▸ Supplied data:
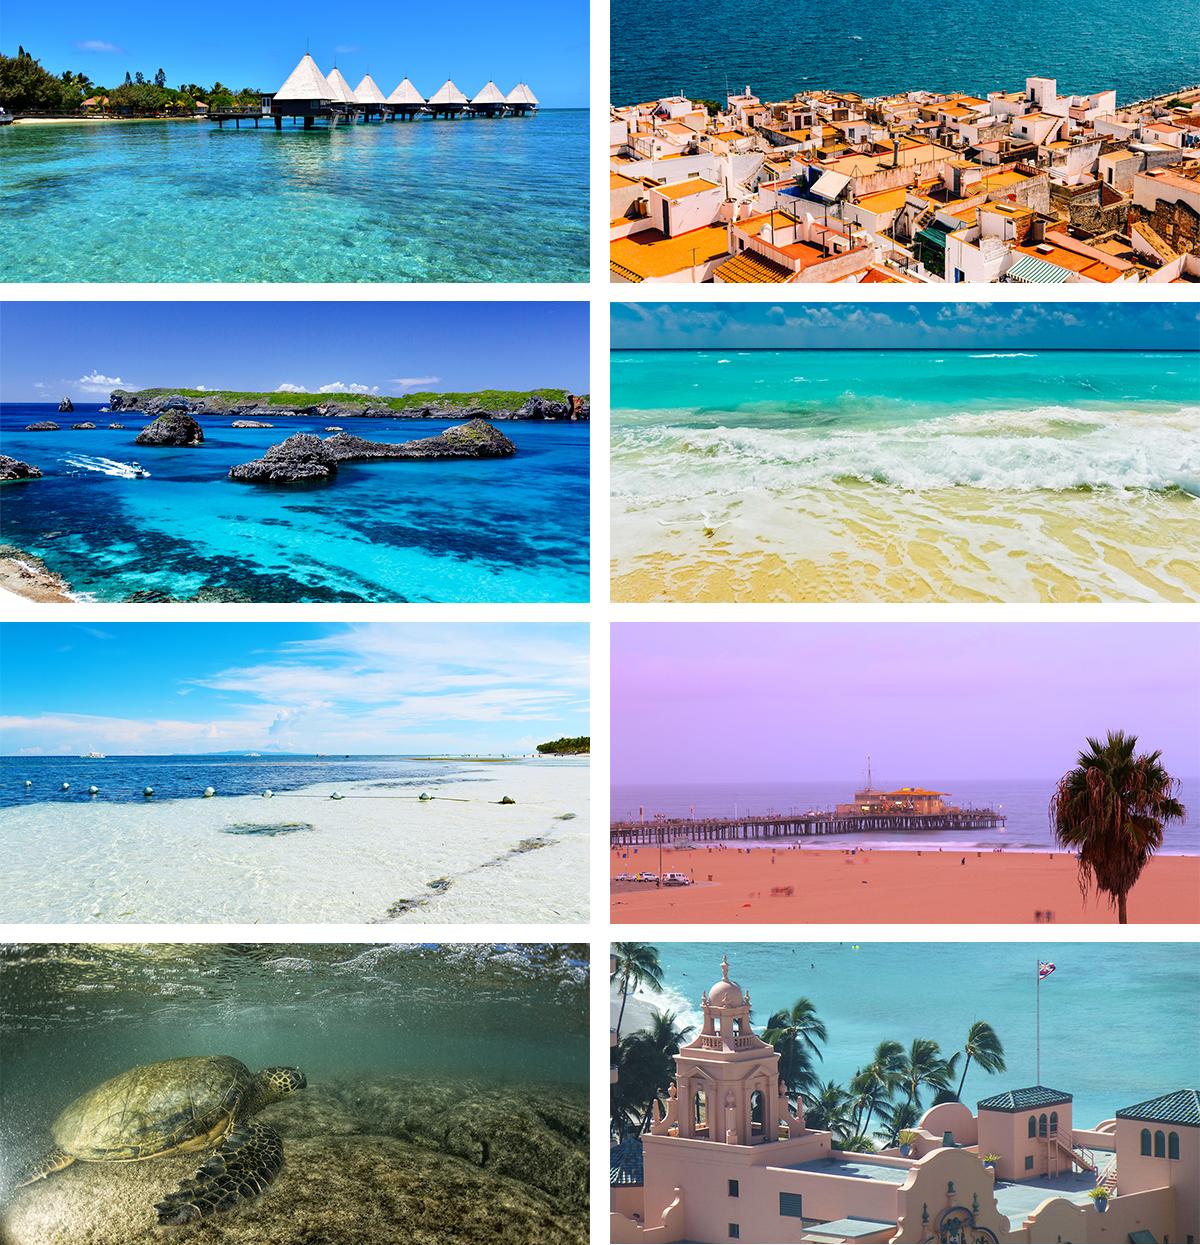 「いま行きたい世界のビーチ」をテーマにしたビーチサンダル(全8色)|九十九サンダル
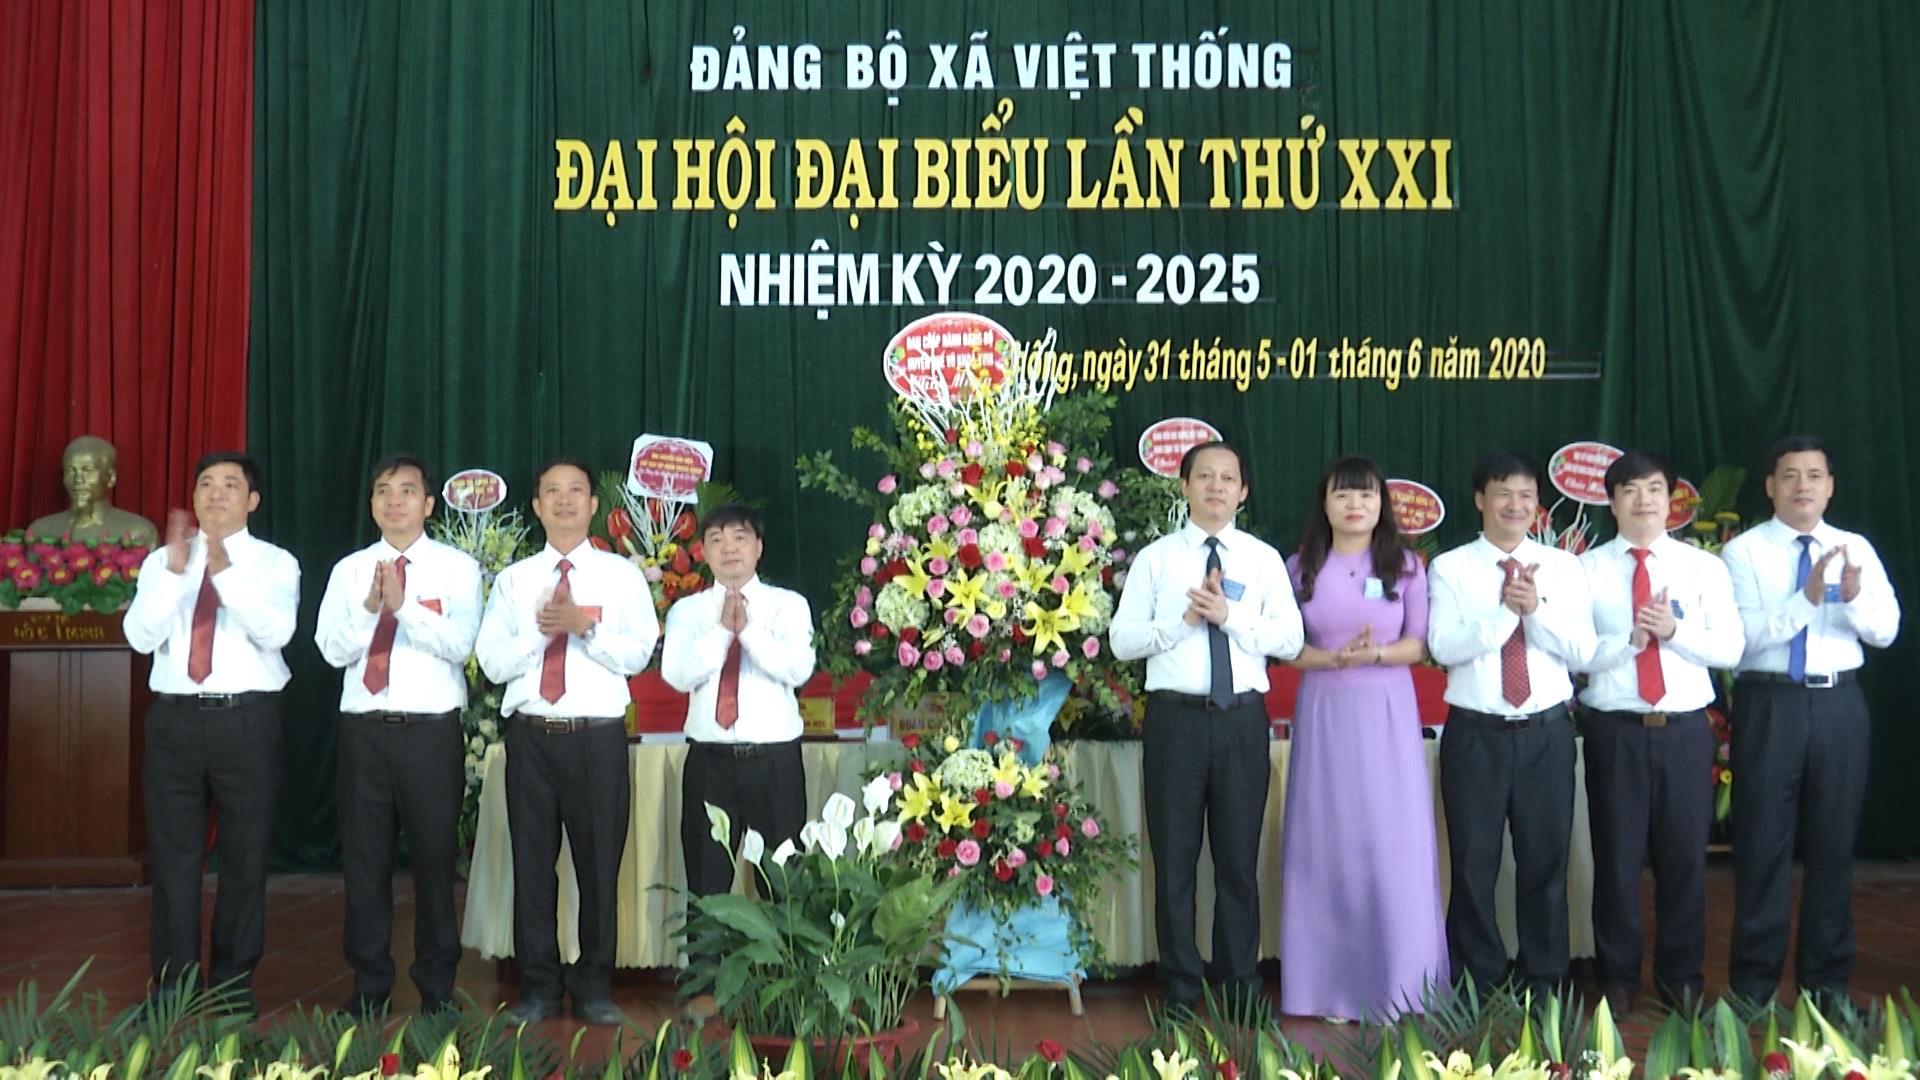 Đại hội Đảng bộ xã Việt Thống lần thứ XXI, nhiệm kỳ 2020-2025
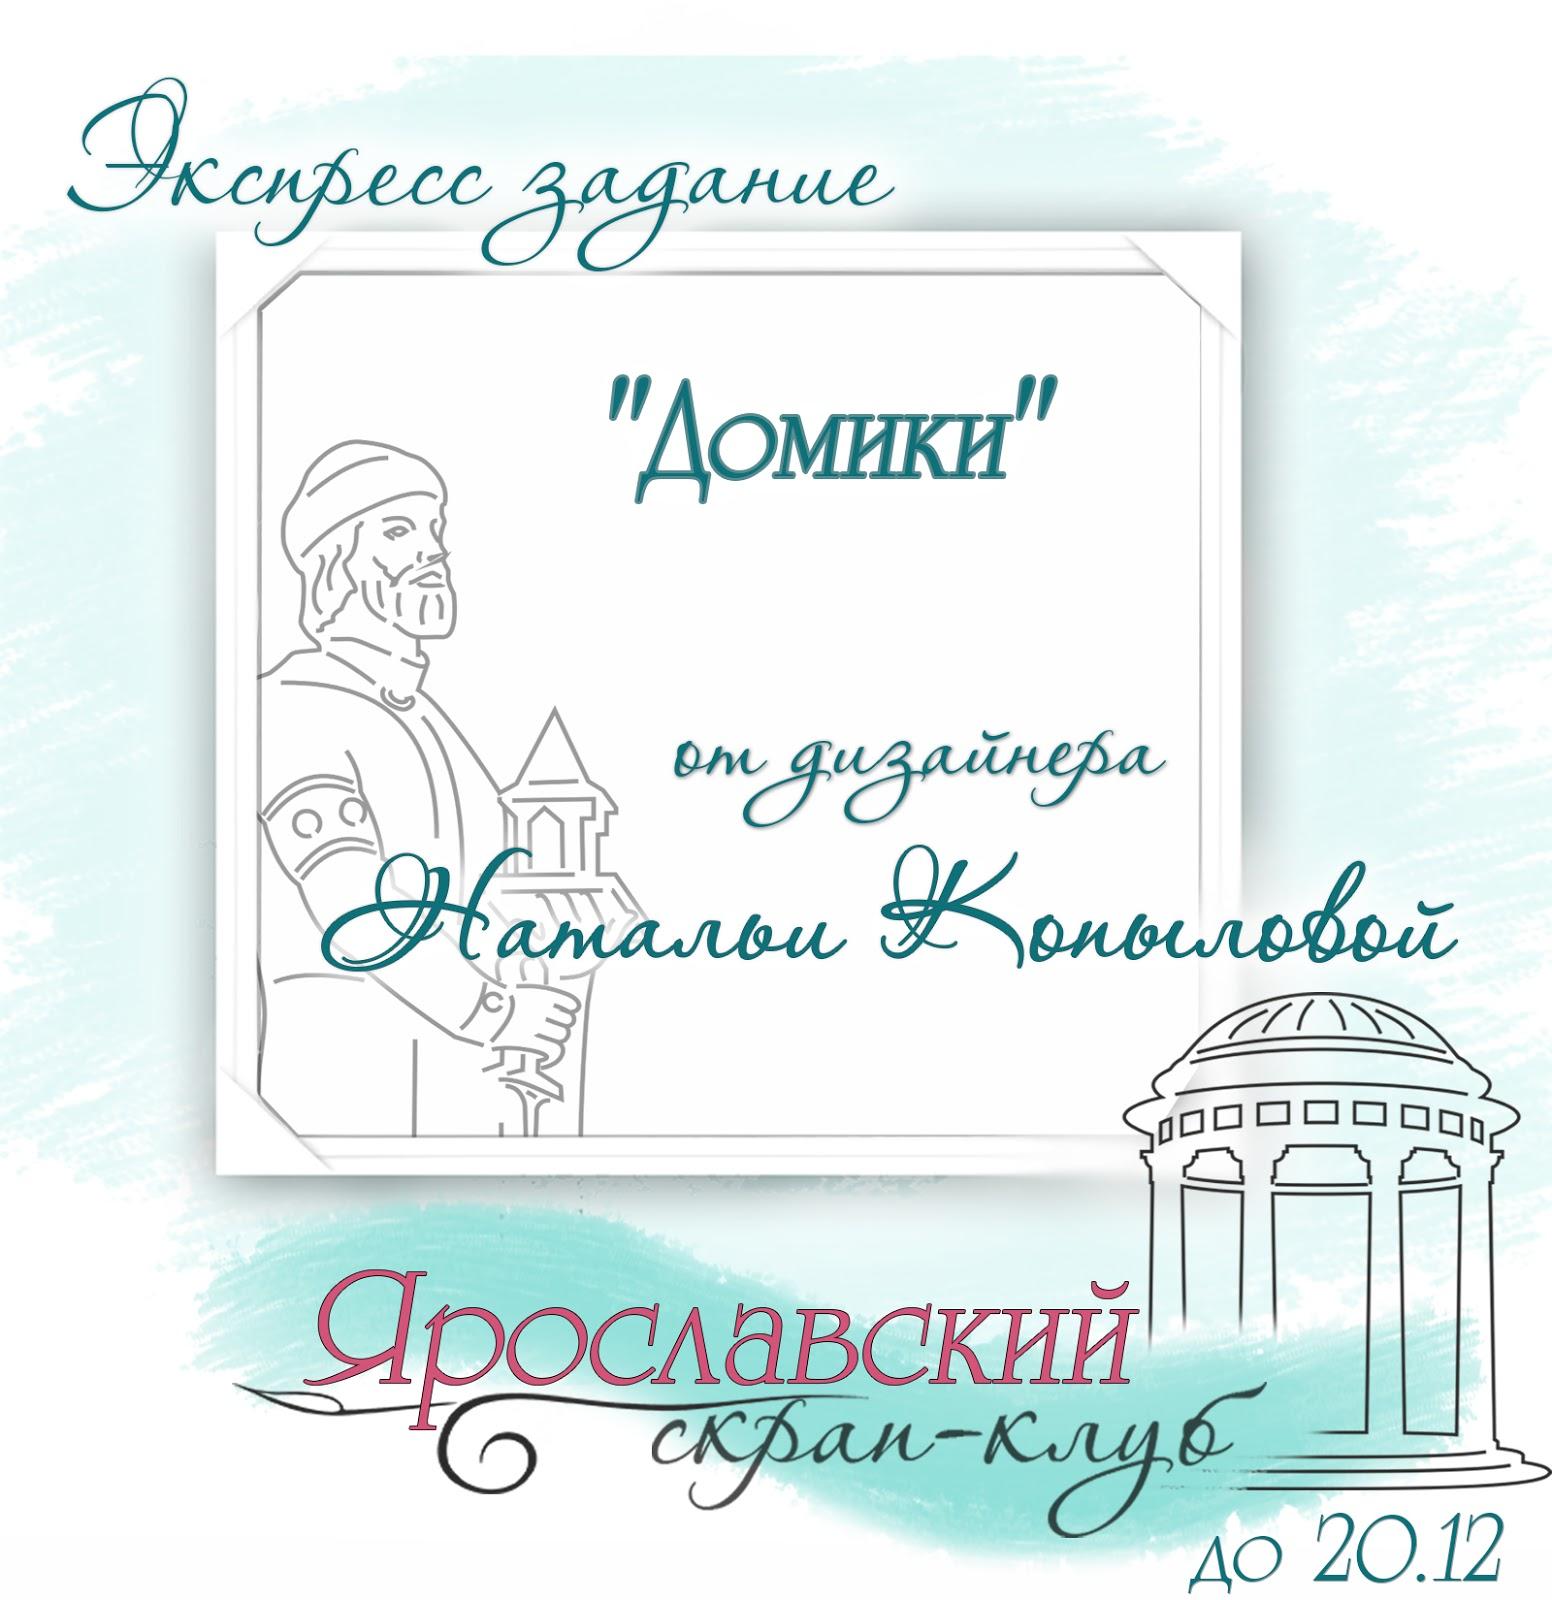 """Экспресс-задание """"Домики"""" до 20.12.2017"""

▸ What you will do:
Excluding pictures, reproduce the listing above exactly as it stands.

▸ Answer section:
 「いま行きたい世界のビーチ」をテーマにしたビーチサンダル(全8色)|九十九サンダル
 Đại hội Đảng bộ xã Việt Thống lần thứ XXI, nhiệm kỳ 2020-2025
 """Экспресс-задание """"Домики"""" до 20.12.2017"""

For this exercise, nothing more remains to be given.